In order to answer this question, it is necessary to understand what machine translation based on neural networks is and what is its key difference from the classical statistical systems or analytical systems that are used today for machine translation.
The neural translator is based on the Bidirectional Recurrent Neural Networks (Bidirectional Recurrent Neural Networks) mechanism, built on matrix calculations, which allows you to build significantly more complex probabilistic models than statistical machine translators.
Like statistical translation, neural translation requires parallel cases for learning, which allow you to compare automatic translation with the reference “human” one, only in the learning process it operates not with separate phrases and phrases, but with whole sentences. The main problem is that for training such a system requires significantly more computing power.
To speed up the process, developers use NVIDIA GPUs, and Google also uses the Tensor Processing Unit (TPU), a proprietary chip adapted specifically for machine learning technologies. Graphics chips are initially optimized for matrix computing algorithms, and therefore the performance gain is 7-15 times compared to the CPU.
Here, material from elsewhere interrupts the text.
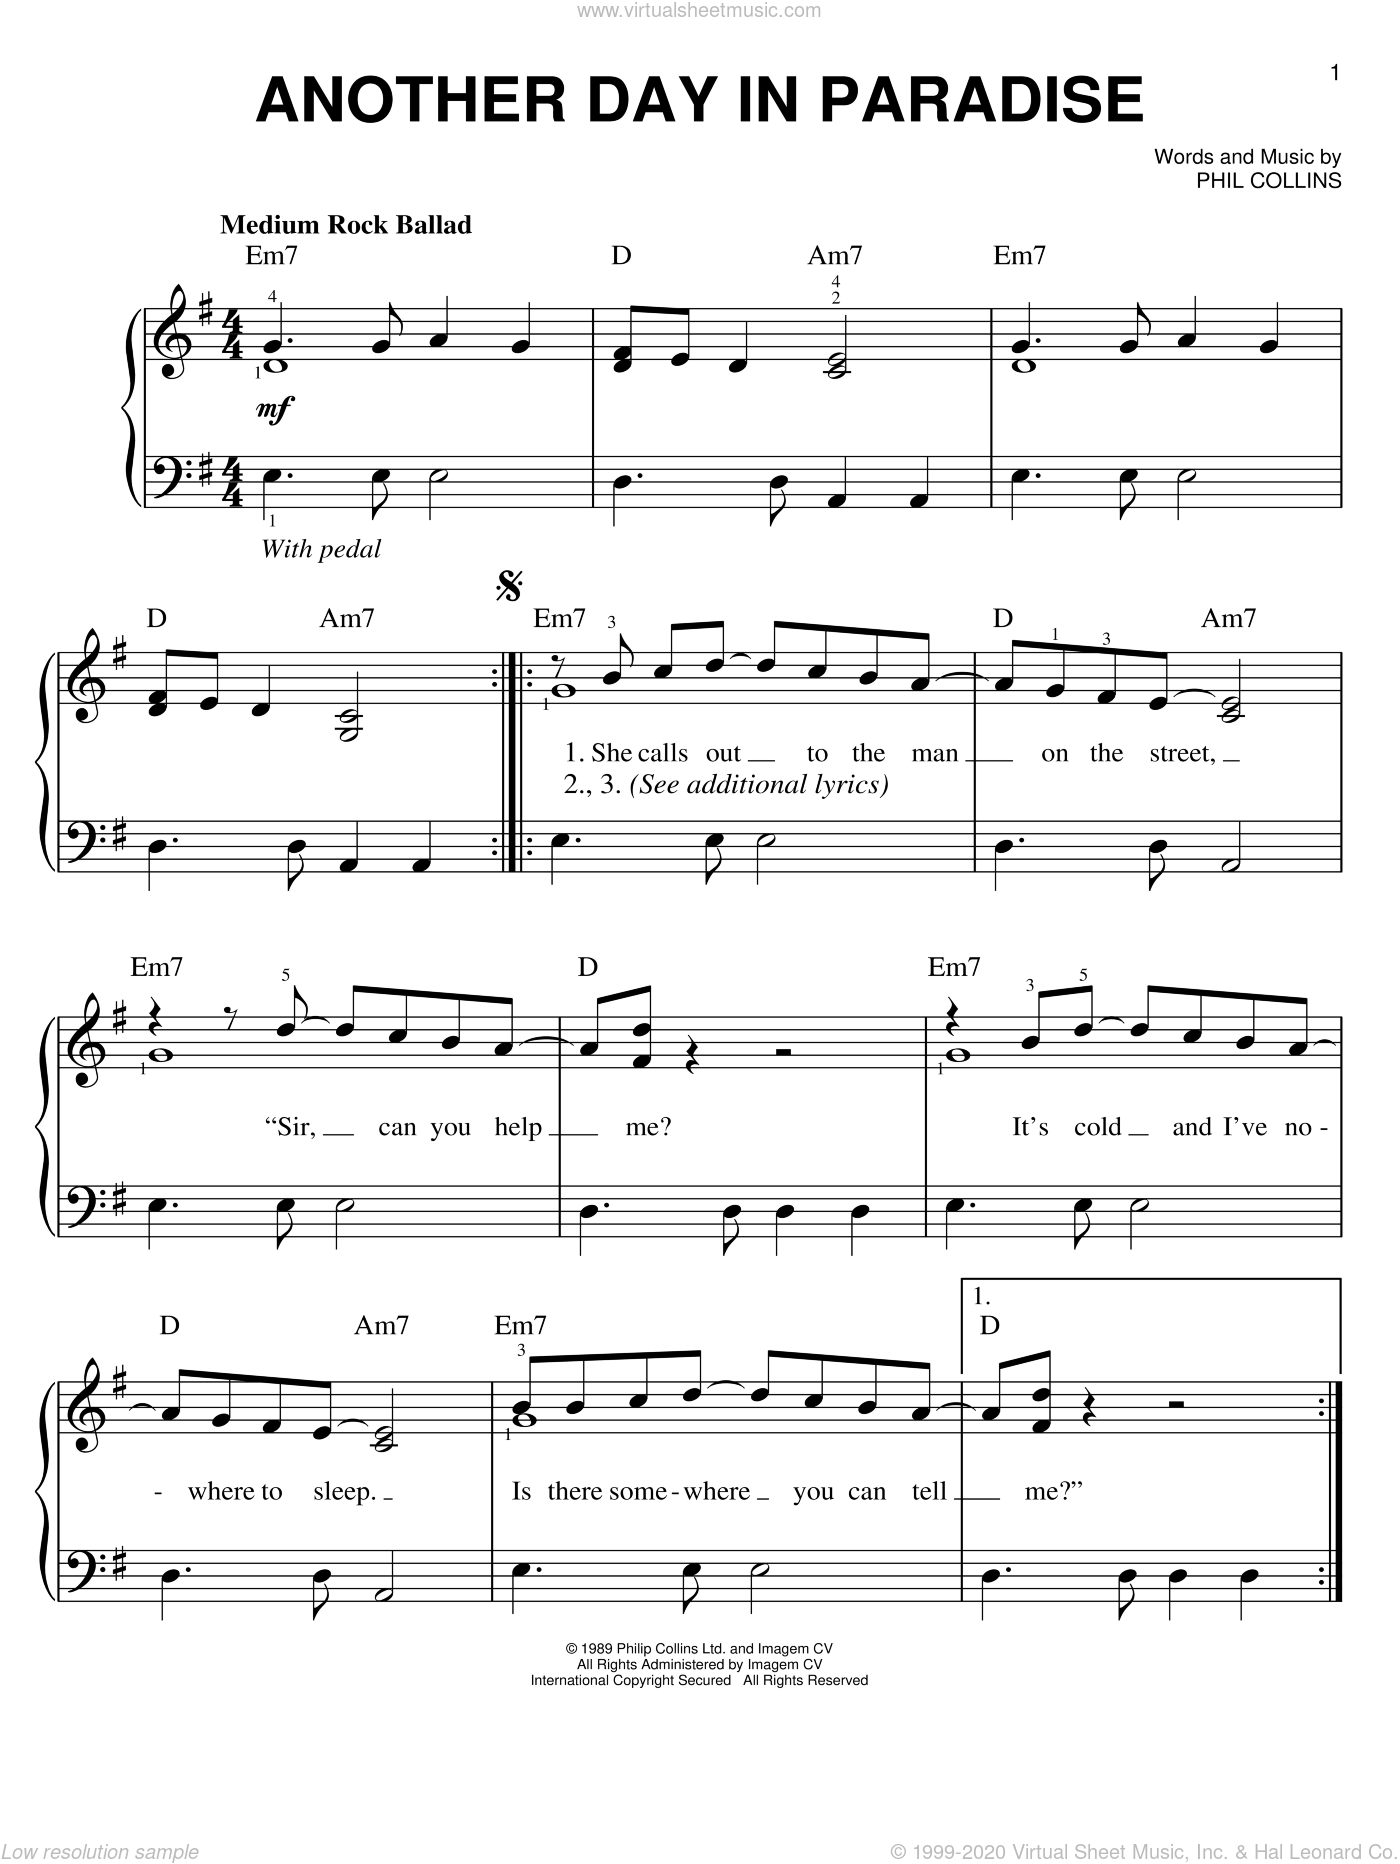 Collins - Another Day In Paradise sheet music for piano solo - Phil Collins Another Day In Paradise Letra

Even with all this, training a single neural model requires from 1 to 3 weeks, while a statistical model of approximately the same size is configured in 1-3 days, and with increasing size, this difference increases.
However, not only technological problems were a brake on the development of neural networks in the context of the problem of machine translation. In the end, it was possible to teach language models earlier, albeit more slowly, but there were no fundamental obstacles.
The mod on neural networks also played a role. There were many developments within themselves, but they were not in a hurry to announce this, fearing that they might not get the quality gain that society expects from the Neural Networks phrase. This can explain the fact that several neural translators were announced one after another.
Let’s try to understand whether the increase in the quality of translation corresponds to the accumulated expectations and the increase in costs that accompany the development and support of neural networks for translation.
Google in its research demonstrates that neural machine translation provides a Relative Improvement from 58% to 87%, depending on the language pair, compared to the classical statistical approach (or Phrase Based Machine Translation, PBMT, as it is also called).
SYSTRAN conducts a study in which the quality of a translation is evaluated by choosing from several presented options made by various systems, as well as a “human” translation. And he claims that his neural translation is preferred in 46% of cases to the translation made by man.
Despite the fact that Google claims an improvement of 60% or even higher, there is a slight catch in this indicator. Representatives of the company talk about “Relative Improvement”, that is, how much they succeeded with the neural approach to approach the quality of Human Translation in relation to what was in the classical statistical translator.
Industry experts analyzing the results presented by Google in the article “Google's Neural Machine Translation System: Bridging the Gap between Human and Machine Translation” are rather skeptical of the presented results and say that in fact the BLEU score was only 10% better, and significant progress It is noticeable on fairly simple tests from Wikipedia, which, most likely, were used in the process of training the network.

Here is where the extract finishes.